ZDiT zdenerwował łodzian: „Nie podoba się stanie w korkach, to zapraszamy do tramwaju”. Komentarze: "wyjątkowa bezczelność"
Co prawda uzupełniono go emotikoną żartu, ale za taki nie uznała go znakomita większość komentujących wpis. Pojawiło się wiele komentarzy nawołujących urzędników do dymisji, dyscyplinarnych zwolnień, wytykających brak kultury osobistej i bezczelność. W komentarzach padły też przyklady opóźnień kursów, także autobusowych, przypomnienia dotyczące kolejnej podwyżki cen biletów komunikacji miejskiej, a także odesłania do sporej ilości informacji o zatrzymaniach tramwajów z powodów technicznych, czy przypomnienia o wypadkach tramwajów.

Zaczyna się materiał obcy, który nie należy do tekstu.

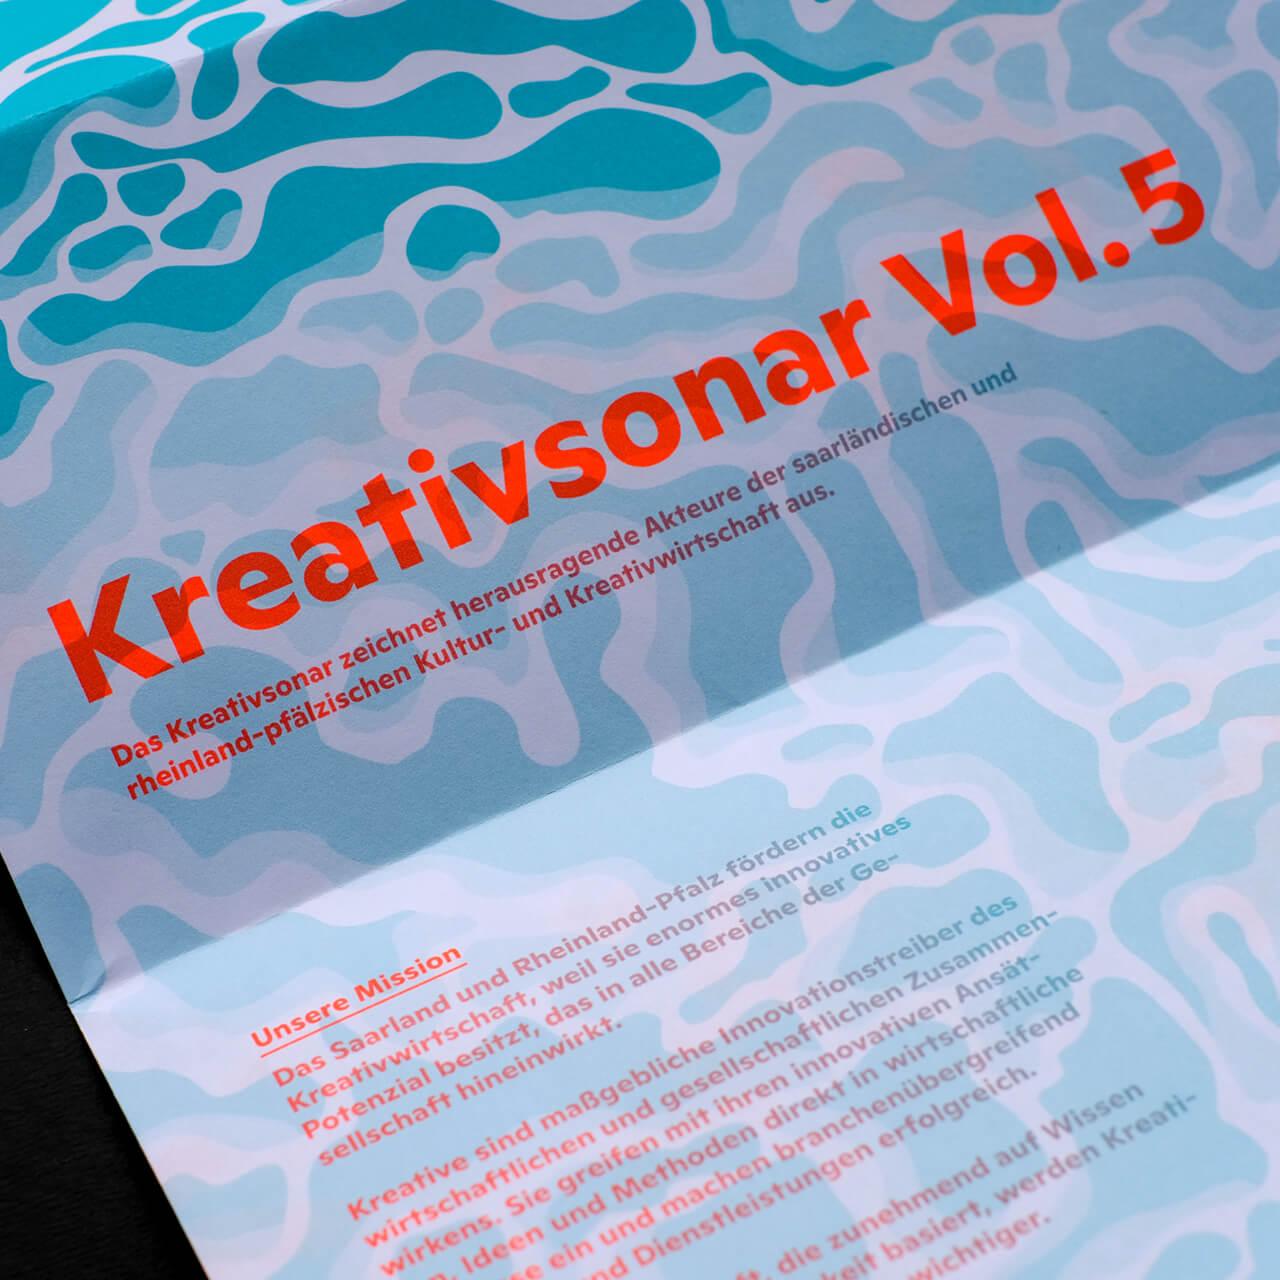 Kreativsonar_2020_03

Ostatni miał miejsce w piątek, przy ul. Bandurskiego, gdzie zderzyly się dwa tramwaje. Torowisko na strategicznej dla sieci tramwajowej trasie W-Z było zablokowane na wiele godzin, czterech pasażerów było rannych. Przypomniano także ostatnio pozamykane linie na ul. Legionów czy Wojska Polskiego. Komentarze pozytywne? W zasadzie ich brak, poza kilkoma, w których internauci uznali, że „żałosny” wpis ZDiT to być może efekt włamania na konto.
- Zarząd Dróg i Transportu popisał się dziś wyjątkową bezczelnością w stosunku do mieszkańców Łodzi - komentował Krzysztof Komorowski z Inicjatywy Społecznej „EL 00000” Zmotoryzowani Mieszkańcy Łodzi. - W tym jednym wpisie zawarty jest cały stosunek władzy do łodzian. Chyba już nikt nie ma wątpliwości, że zmotoryzowani są niemile widziani przez urząd prezydent Hanny Zdanowskiej. Nie od dziś zwracany uwagę na bijącą niechęć urzędu do zmotoryzowanych. Ci co w to wątpili mają teraz jasny dowód.